In conclusion, the successful implementation of the Agent to Agent concept on the Spritz platform marks a significant achievement in enabling seamless communication among agents. Through the initiation of tasks with specific instructions for one agent, Spritz efficiently orchestrates a collaborative effort among different agents, adapting to various scenarios such as the generation of PDF files and speeches in multiple languages. Notably, the system's ability to interpret and execute tasks based on instructions demonstrates its versatility and potential for widespread applications.

Future Work

Looking ahead, the evolution of this platform holds promising prospects, particularly in the realm of autonomous decision-making by agents.

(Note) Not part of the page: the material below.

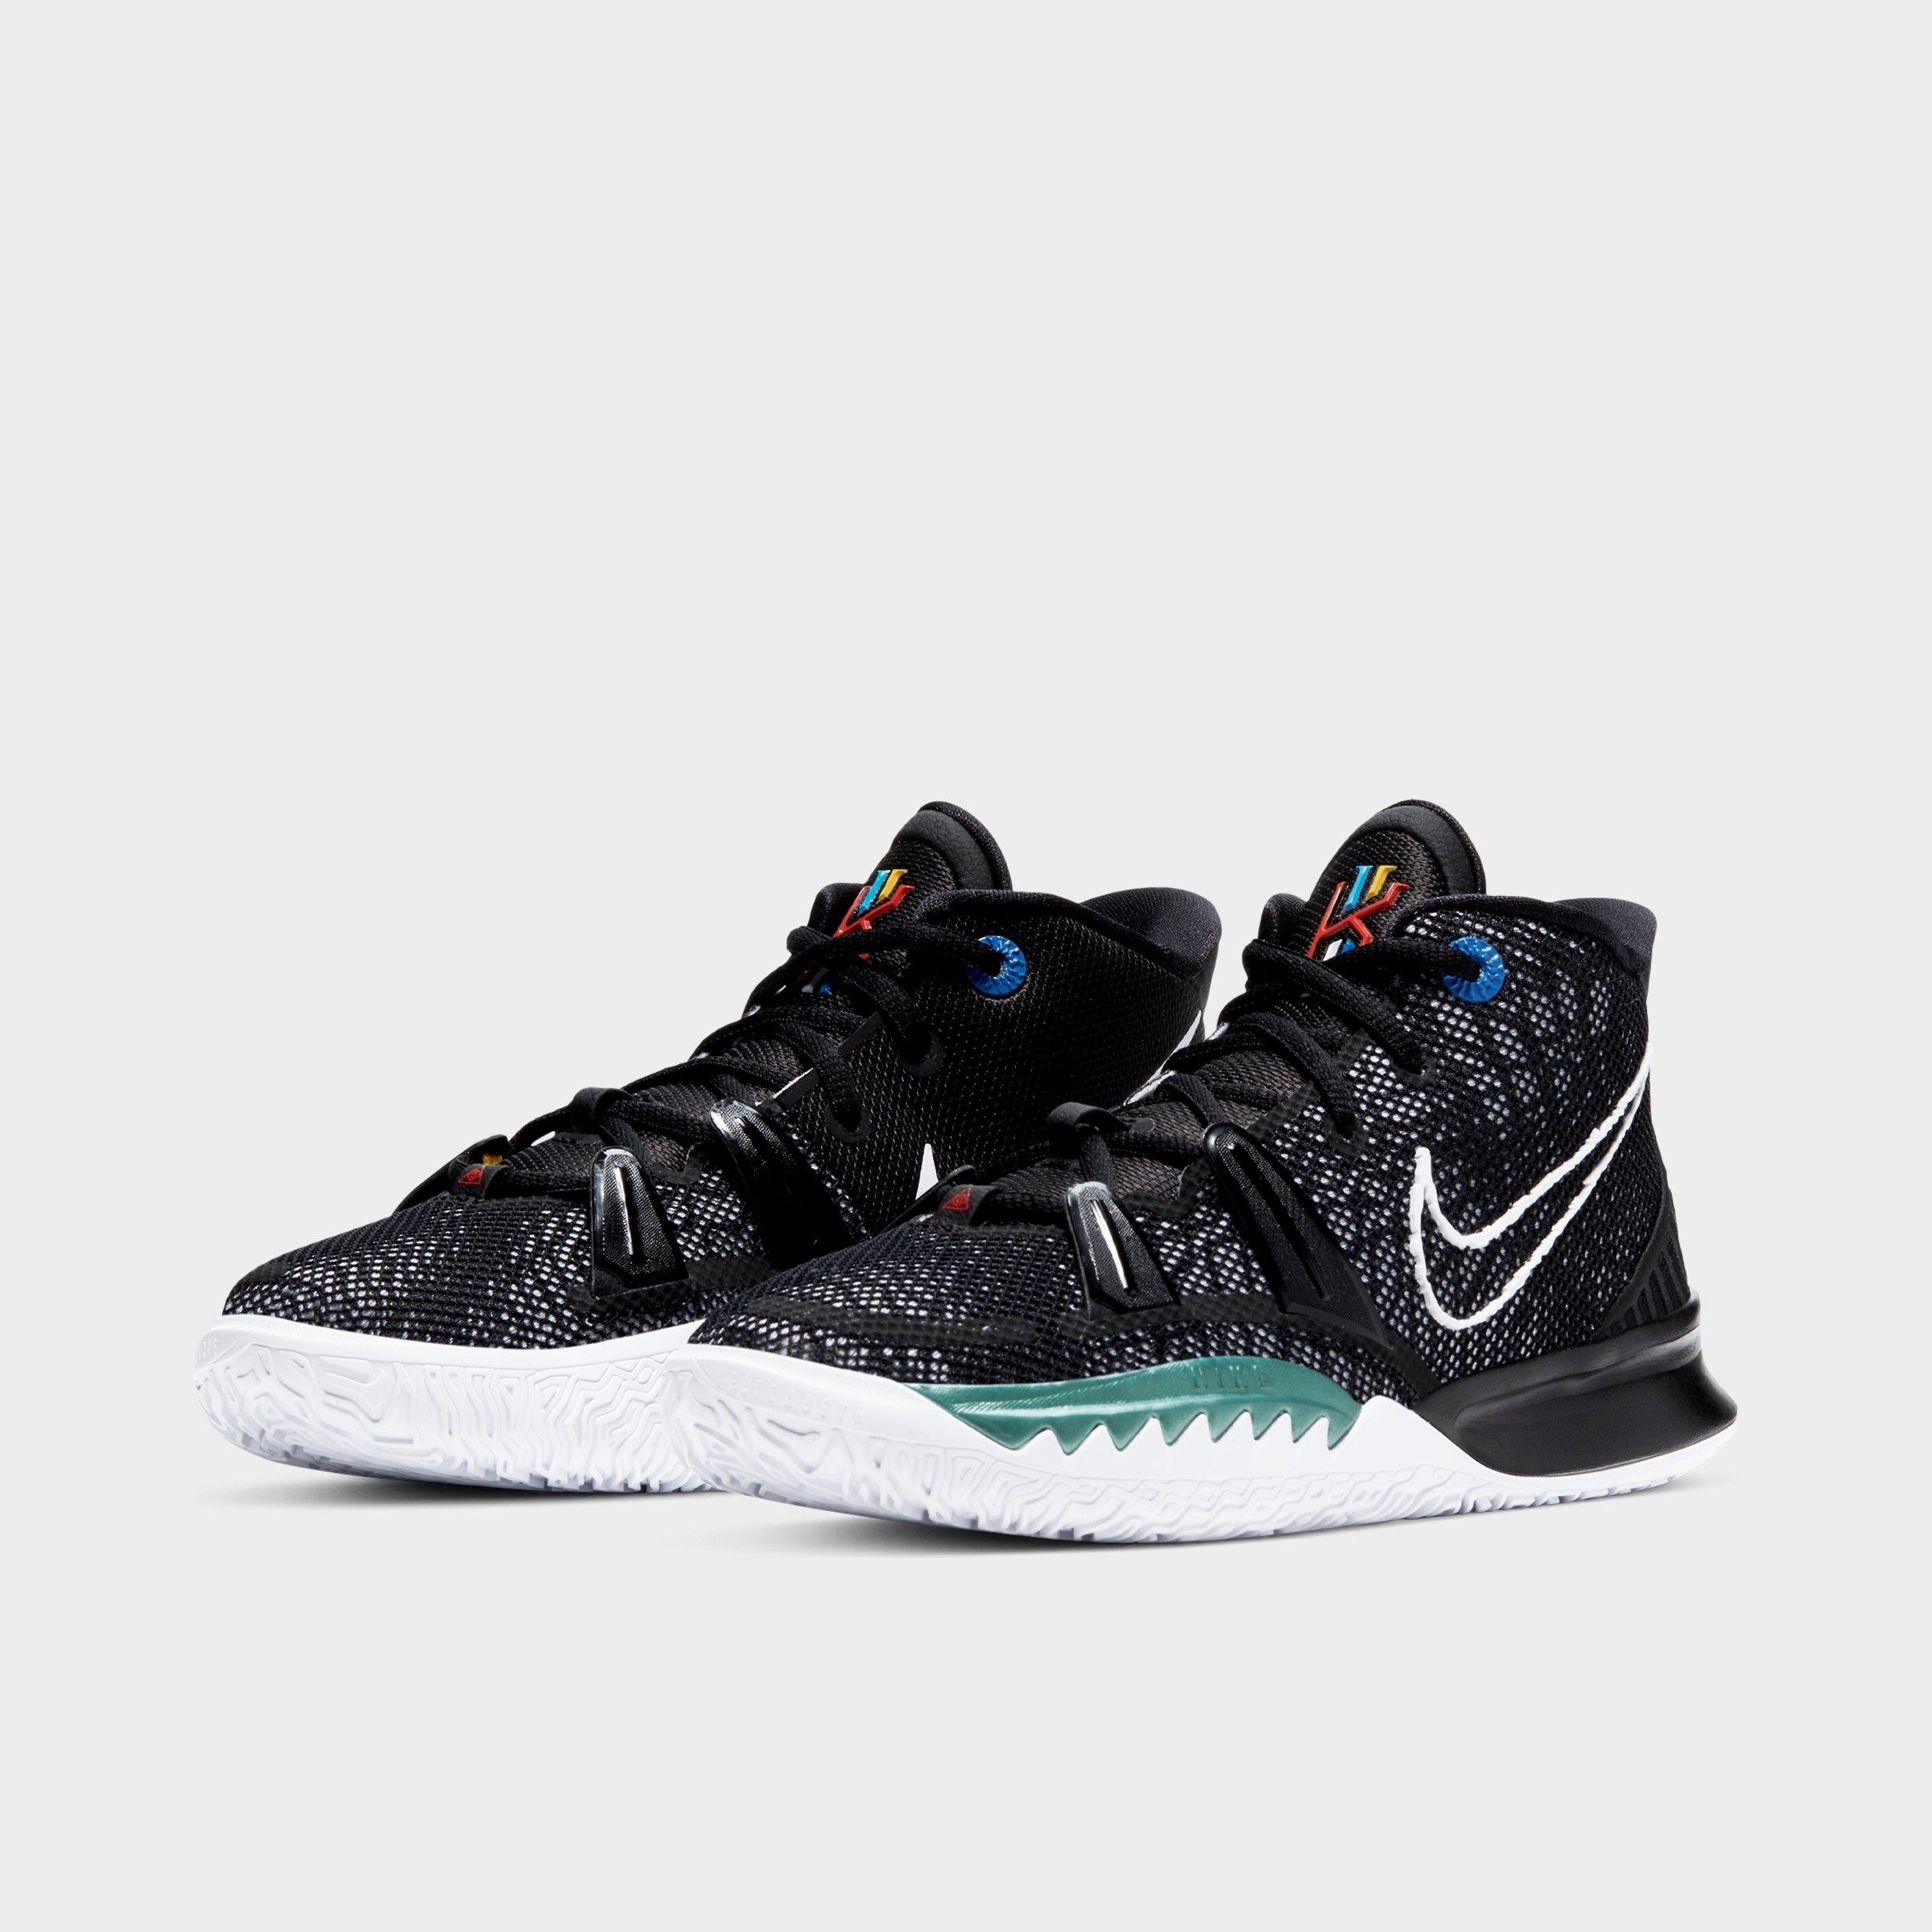 kyrie 7 shoes

By equipping decision-maker agents with a comprehensive understanding of the Agent to Agent structure, we aim to empower them to independently trigger and coordinate various agents to fulfill complex tasks. For instance, a user could interact with the system by simply typing a command in a text box, such as "generate me a GMI briefing speech in ‘this’ language" The decision-maker agent would interpret this input, initiate the relevant agents, and seamlessly orchestrate the generation of the requested output. This user-friendly approach simplifies the interaction process, making it accessible to a broader audience. Moreover, this model can be extended to voice-controlled assistants, where users can articulate their requests verbally, and the system, by converting speech to text, can execute tasks in a similar manner, enhancing the overall user experience. The envisioned future work aims to bring about a more intuitive and efficient interaction paradigm, demonstrating the platform's adaptability to diverse user preferences and requirements.